During the Web 2.0 conference, Sergey Brin commented that "Google innovates with technology not with business". I don't know about that. The AdSense/AdWords market is business genius and the fact that they snagged the AOL deal from more experienced companies like Microsoft shows that behind the mask of technical naivette is a company with strong business sense.

If I was competing with a company that produced the dominant operating system and Web browser used to access my service, I'd figure ways to disintermediate them. Perhaps by making deals with OEMs so that all the defaults for online services such as search which ships on PCs point to my services. Maybe I could incentivize them to do this if there is the promise of recurring revenue by giving them a cut of ad revenue from searches performed on said portal pages.

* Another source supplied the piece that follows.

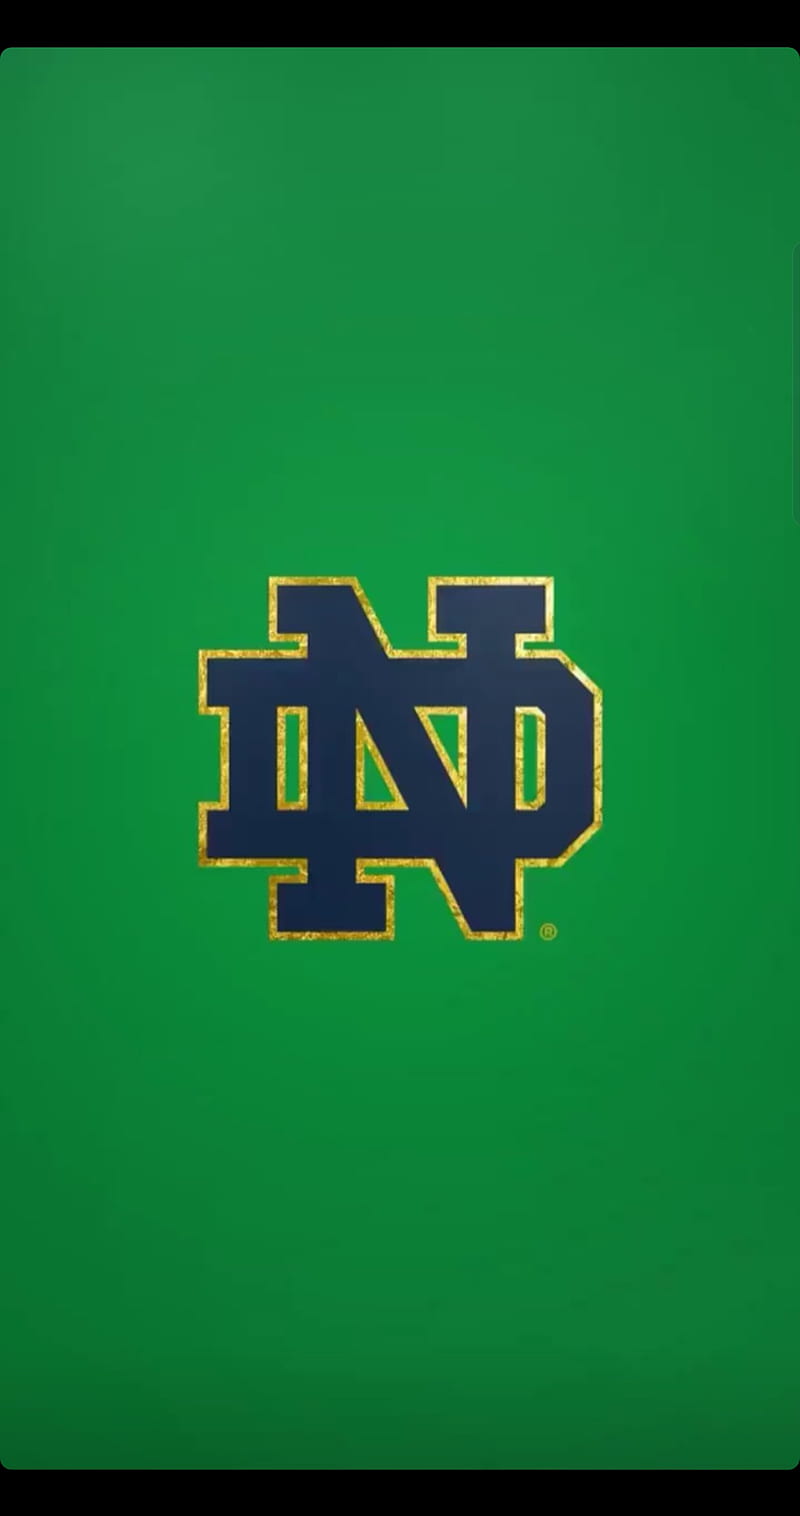 Download The Notre Dame Victory March Wallpaper  Wallpaperscom
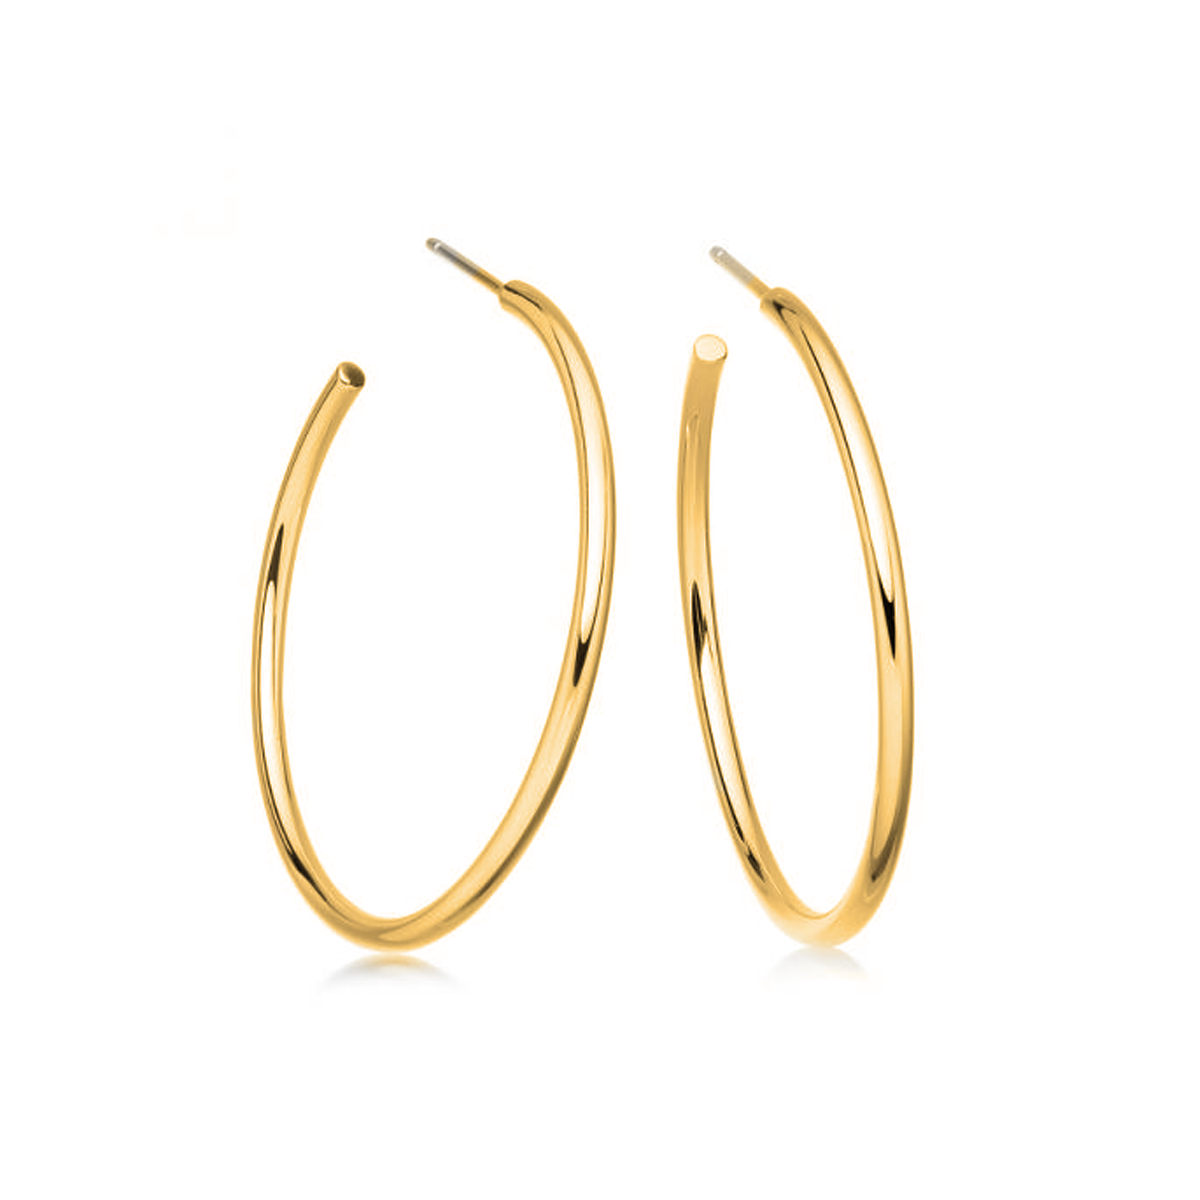 Gold Plated and Silver Hoop Earrings - 40mm

Of course, this may not be what http://www.google.com/ig/dell is for, but if it isn't I wouldn't be surprised if that doesn't eventually become the case.


 

Tuesday, 10 January 2006 22:05:07 (GMT Standard Time, UTC+00:00)
Isn't making deals with OEMs that got Microsoft into a lot of legal trouble? Do you think Google would want to tread down the same way?
Tuesday, 17 January 2006 14:59:21 (GMT Standard Time, UTC+00:00)
This is why I enjoy reading Dare's blog. He is not afraid to acknowledge when someone does something brilliant, even if it may have been something that the company for which he works should have done first. I think the Google page for Dell owners is brilliant. Think about it: the #1 computer seller users are exposed to the #1 search engine by default whenever they do a search. MS tried to do this in a crude way by forcing the MSN Network on the Win95 desktop. Google's way is more subtle and more importantly is less likely to make the DoJ get on their case :) It's a win-win for Google and Dell. Great!
Jimoh Alabi
Comments are closed.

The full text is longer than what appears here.